The Most Dangerous Place on Earth

Reclined against the maple headboard of his bed, Dave shrugged. His mother was small, compact, yet there was no room for her in there. He was too old for her to curl beside him on the bed—if she’d even perched on the edge, it would have embarrassed him. They were used to seeing each other over tables spread with food, or sitting in her Lexus in their separate leather seats, listening to the radio, looking at the road.

It still felt strange to him, this distance between them. When he was a kid, they’d spent hours, days, years alone together. When his father would leave for work, the air in the house would seem to lighten and expand, and she’d sit with him on the vine-laced living room rug playing Thomas the Tank Engine and then cook him butter noodles, warm and plain just like he liked, and fold him into bed at night with stories about heroes who were always brave and always saved the world. And just loved him. And there was nothing that he’d had to do to earn it.

Dave’s mother arranged herself in the desk chair, pointed her knees toward the bed. “We are not understanding each other,” she said.

Dave shrugged.

“You think we don’t love you? We don’t care? You’re the most important thing in our life, David. Number one.”

“I know,” he said. What she’d said was supposed to be a compliment, but it made the acid lurch in his stomach.

Dave’s mother wrinkled her forehead. Her eyes were liquid brown. The skin around them had feather grooves in which the black gunk of her makeup had smudged. She said, “All we ask is that you realize what you are.”

“What I am,” he echoed.

“You know you could do so much better, you could do anything. If you’d only try.” His mother’s voice was firm, emphatic. He was going to throw up. Did she really believe these things? Did she believe he hadn’t tried?

He had nothing to say to her. He pulled his legs to his chest. His socks were bleached and his toes banded by a thin gold thread.

In his silence his mother said carefully, “You know, I have always wondered what it would feel like to have really done something.”

This confession had come out of nowhere. Was he supposed to respond? He couldn’t. He felt he had intruded on a private moment she was having with herself. Yet she seemed to be waiting for him. Her gaze fell to her hands; her hair swept into her eyes and she tucked it self-consciously behind her ear. It was not her usual harried brushing away. It was something a girl would do.

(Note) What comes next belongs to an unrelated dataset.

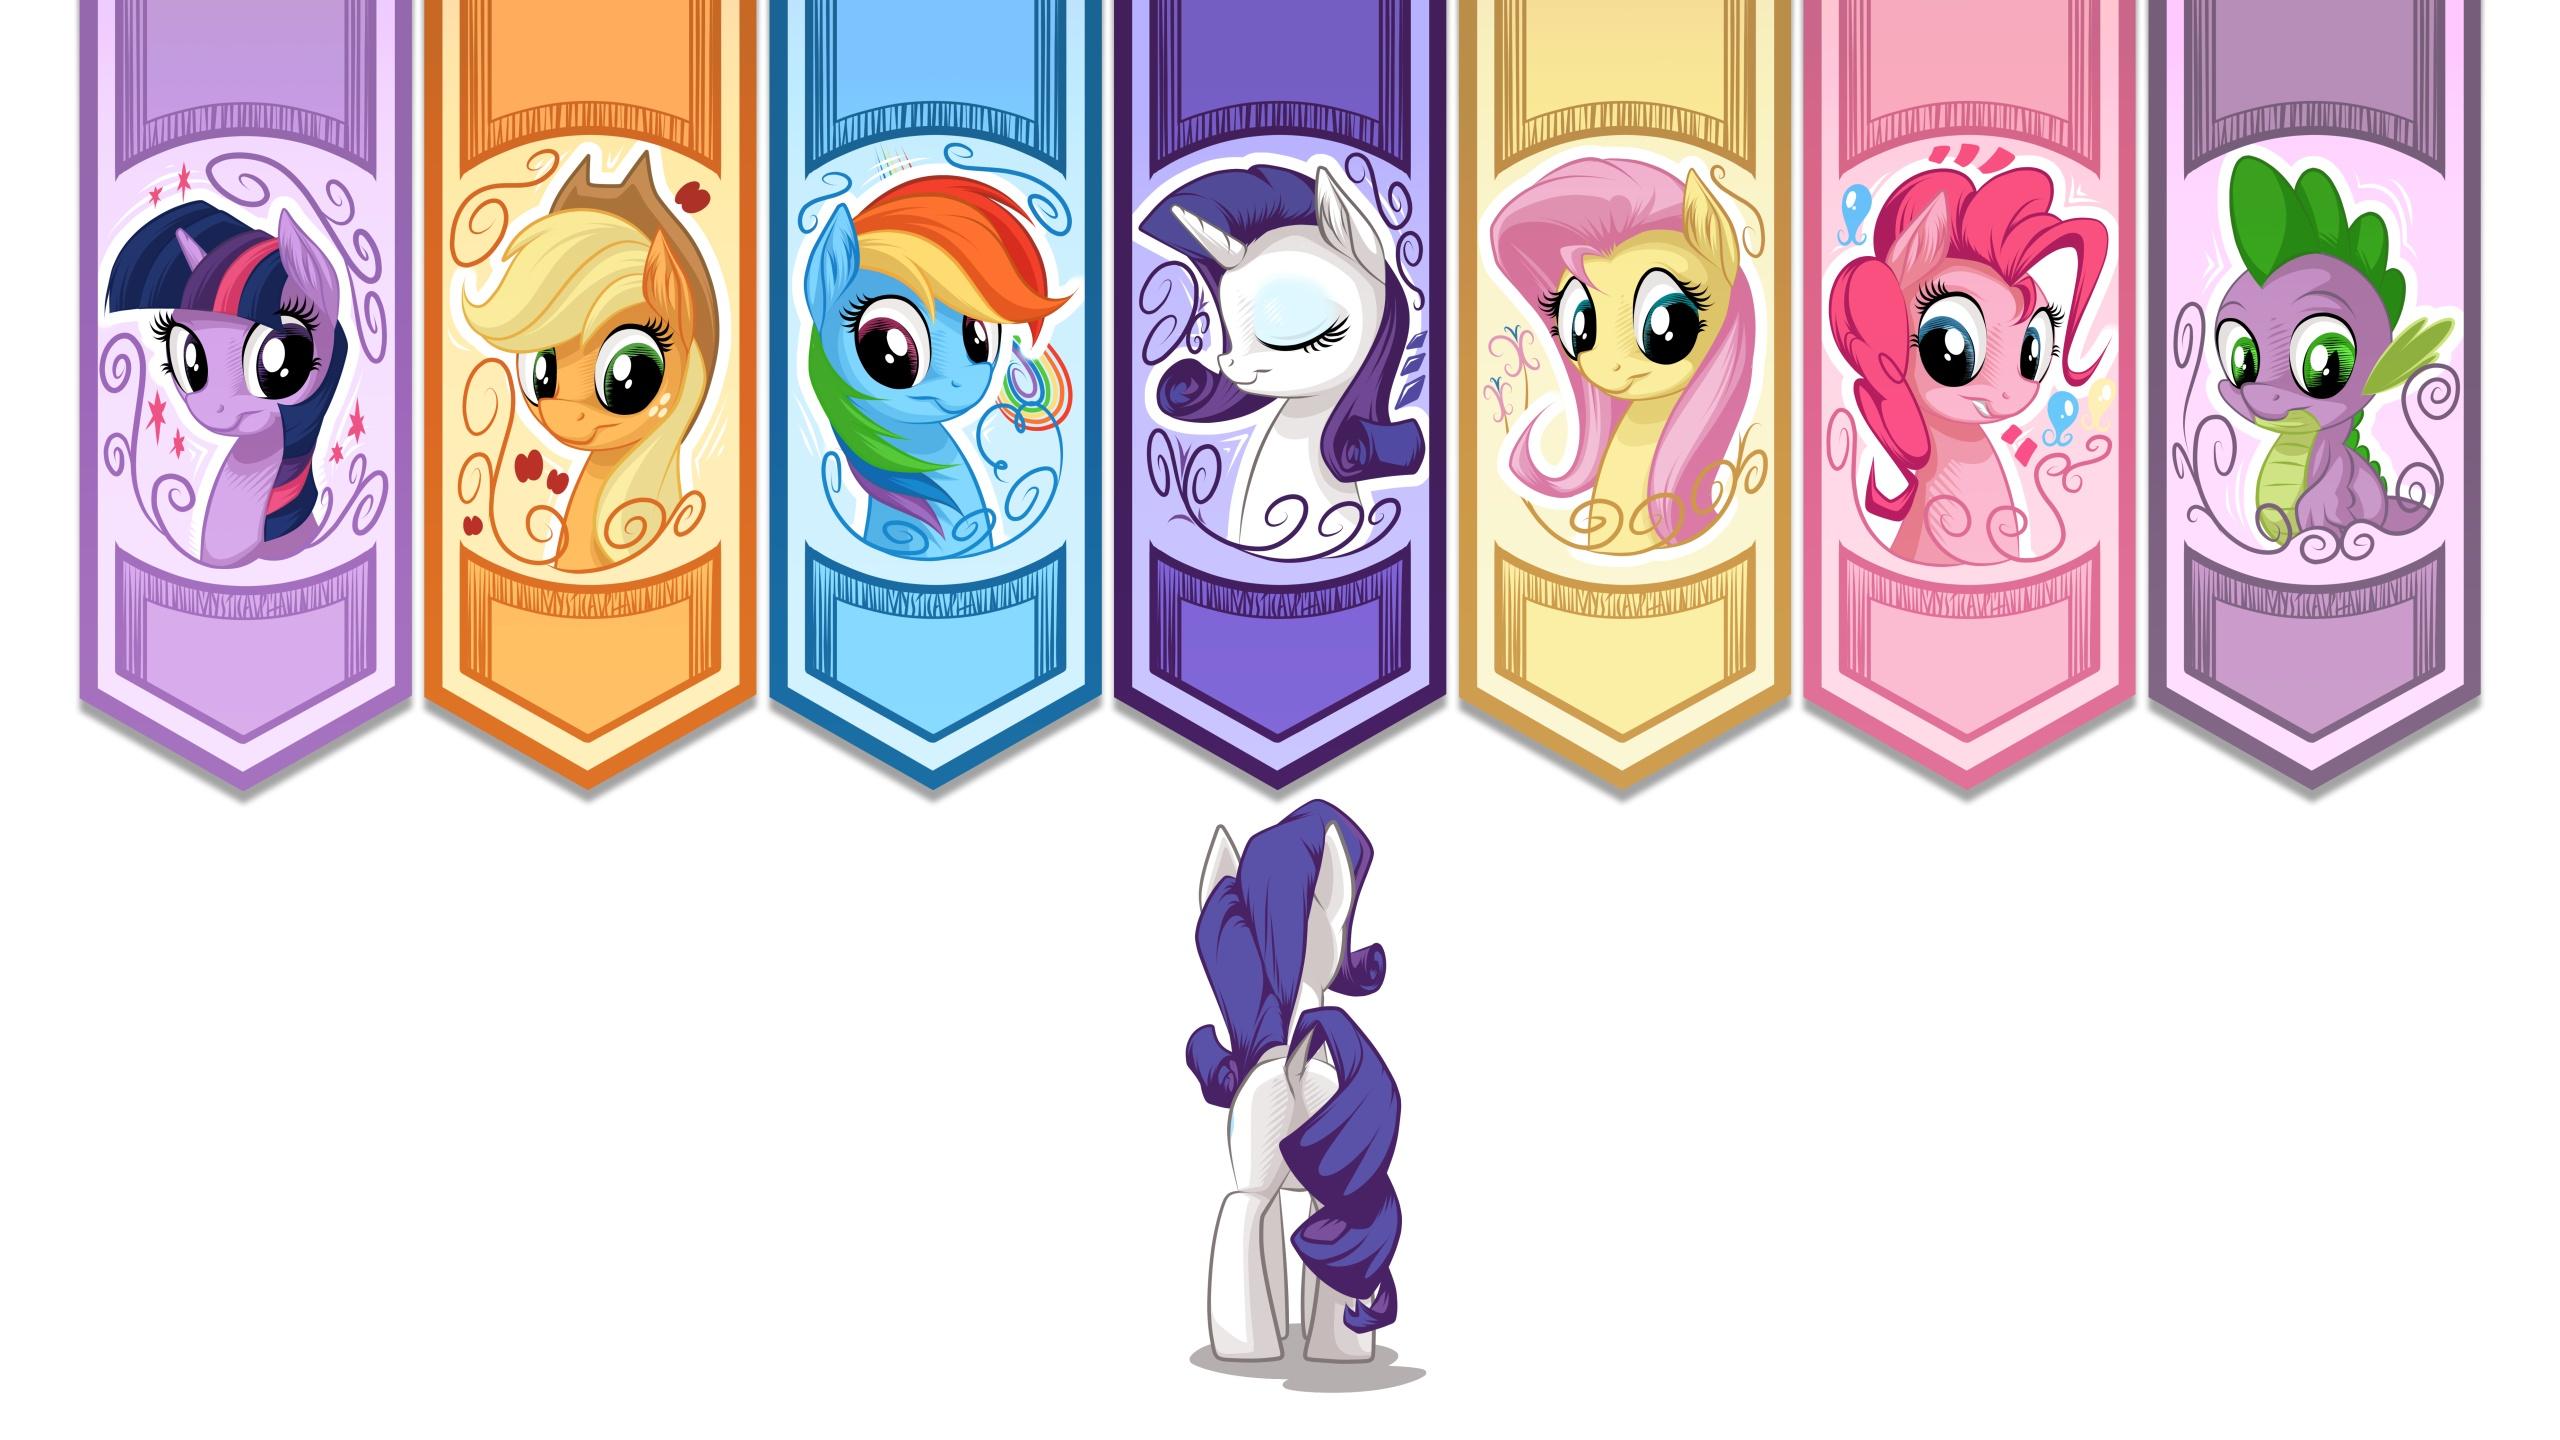 My Little Pony Equestria Girl Wallpaper Hd My Little Pony Arkadaşlık Sihirlidir Hd Duvar Kağıdı

“What do you mean?” he asked.

“Nothing.” She smiled, waved him away. The moment was over. “It’s just, I don’t want you to regret. You have so much potential. You can be anything you choose to be.” She placed her hand on his shoulder and squeezed.

Dave looked into her eyes. What he saw was not anger or disappointment or righteousness but simple human need. She had given up her life to be his mother. Because he was special. Every report card had told her otherwise, that he was little more than “a hard worker” and “a pleasure to have in class,” yet she had kept her faith. He had the potential, he could, and one day—at the right time, with the right class, the right teacher—he would. This was the story she’d told herself; it was his job to make it true.

It was hard, he thought, to be responsible for all this happiness. He was angry but he was also sorry.

“I’ll try harder,” he told her. “I will try to be better.”



Drifting to sleep that night, Dave imagined another life in which he was allowed to wear happiness in the simple way that felt native to him. He thought of his future secretly, as if his parents would peer through the crack of his open bedroom door and deep into his brain (he usually left the door open because closing it triggered a string of questions he couldn’t stand: “Why do you need to close this door? What are you doing in there?”). He saw not a high-powered job, not a doctor’s white coat or a lawyer’s striped suit, but himself, Dave Chu, in chinos and polo shirt, in the middle of an ordinary life. Some job. A home. Enough money to see the newest superhero blockbuster every Friday night, not at the art-house theater in Mill Valley but at a strip-mall megaplex with stadium seating and IMAX screens. He wanted the hero to get the girl. He wanted to eat Milk Duds and popcorn and sip Sprite from a straw that he shared with his girlfriend or wife.